來自:http://doc.okbase.net/QING____/archive/19447.html
也可參考:
http://blog.csdn.net/21aspnet/article/details/19325373
http://blog.csdn.net/unix21/article/details/18990123
kafka作為分布式日志收集或系統監控服務,我們有必要在合適的場合使用它。

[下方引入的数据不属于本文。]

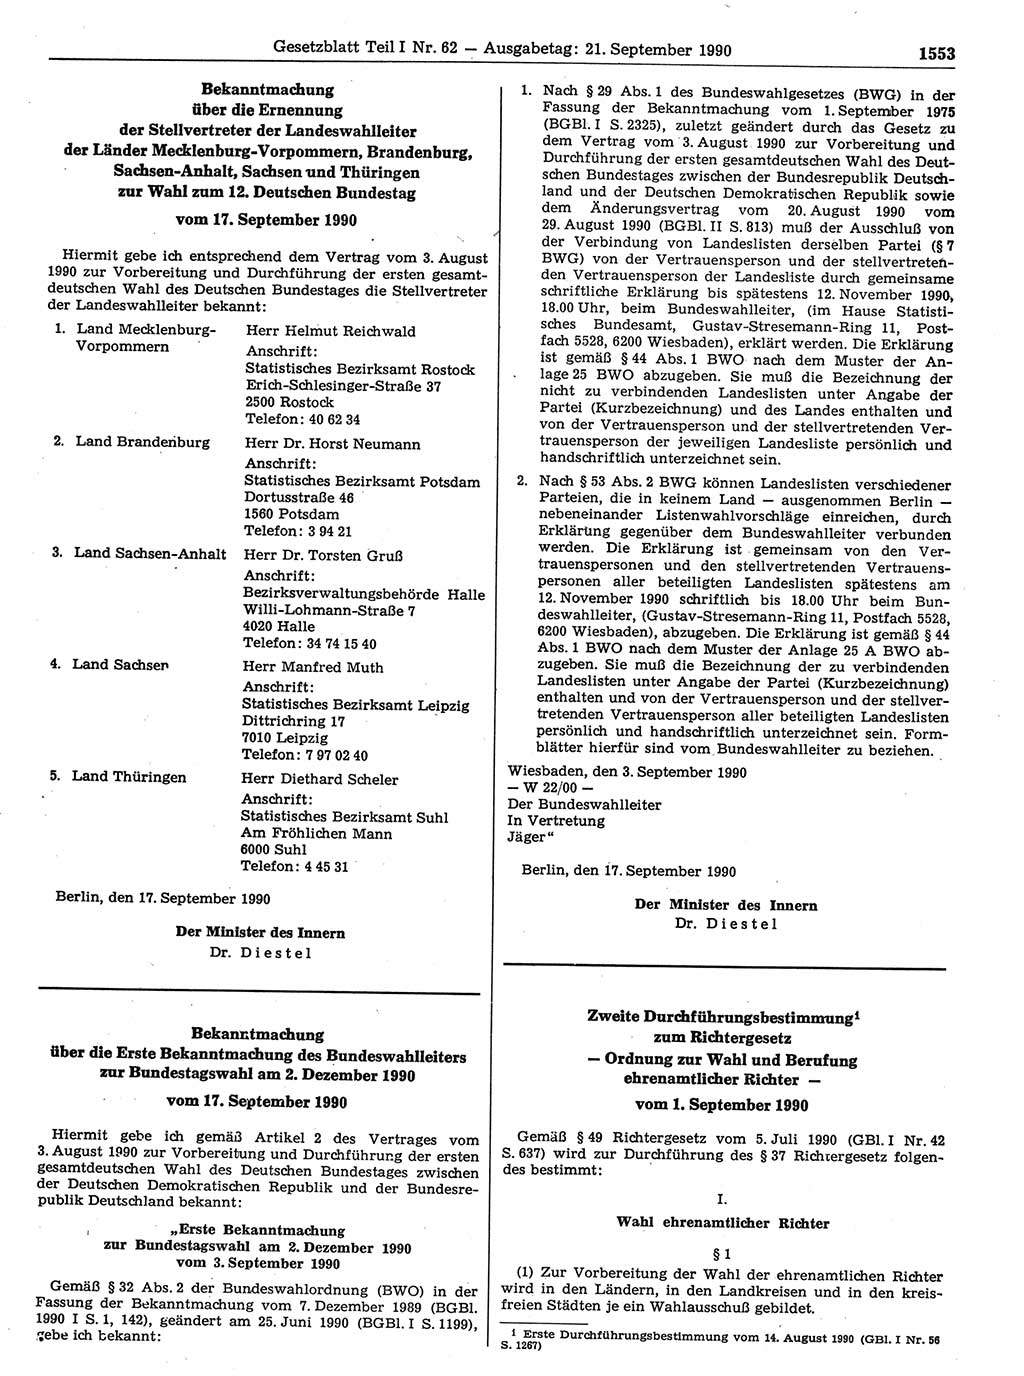 Gesetzblatt (GBl.) der Deutschen Demokratischen Republik (DDR) Teil Ⅰ 1990, Seite 1553 (GBl. DDR Ⅰ 1990, S. 1553)

kafka的部署包括zookeeper環境/kafka環境,同時還需要進行一些配置操作.接下來介紹如何使用kafka.
我們使用3個zookeeper實例構建zk集群,使用2個kafka broker構建kafka集群.
其中kafka為0.8V,zookeeper為3.4.5V
一.Zookeeper集群構建
我們有3個zk實例,分別為zk-0,zk-1,zk-2;如果你僅僅是測試使用,可以使用1個zk實例.
1) zk-0
調整配置文件:
clientPort=2181 server.0=127.0.0.1:2888:3888 server.1=127.0.0.1:2889:3889 server.2=127.0.0.1:2890:3890 ##只需要修改上述配置,其他配置保留默認值
啟動zookeeper
./zkServer.sh start
2) zk-1
調整配置文件(其他配置和zk-0一只):
clientPort=2182 ##只需要修改上述配置,其他配置保留默認值
啟動zookeeper
./zkServer.sh start
3) zk-2
調整配置文件(其他配置和zk-0一只):
clientPort=2183 ##只需要修改上述配置,其他配置保留默認值
啟動zookeeper
./zkServer.sh start
二. Kafka集群構建
因為Broker配置文件涉及到zookeeper的相關約定,因此我們先展示broker配置文件.我們使用2個kafka broker來構建這個集群環境,分別為kafka-0,kafka-1.
1) kafka-0
在config目錄下修改配置文件為:
broker.id=0
port=9092
num.network.threads=2
num.io.threads=2
socket.send.buffer.bytes=1048576
socket.receive.buffer.bytes=1048576
socket.request.max.bytes=104857600
log.dir=./logs
num.partitions=2
log.flush.interval.messages=10000
log.flush.interval.ms=1000
log.retention.hours=168
#log.retention.bytes=1073741824
log.segment.bytes=536870912
log.cleanup.interval.mins=10
zookeeper.connect=127.0.0.1:2181,127.0.0.1:2182,127.0.0.1:2183
zookeeper.connection.timeout.ms=1000000
kafka.metrics.polling.interval.secs=5
kafka.metrics.reporters=kafka.metrics.KafkaCSVMetricsReporter
kafka.csv.metrics.dir=/tmp/kafka_metrics
kafka.csv.metrics.reporter.enabled=false
因為kafka用scala語言編寫,因此運行kafka需要首先准備scala相關環境。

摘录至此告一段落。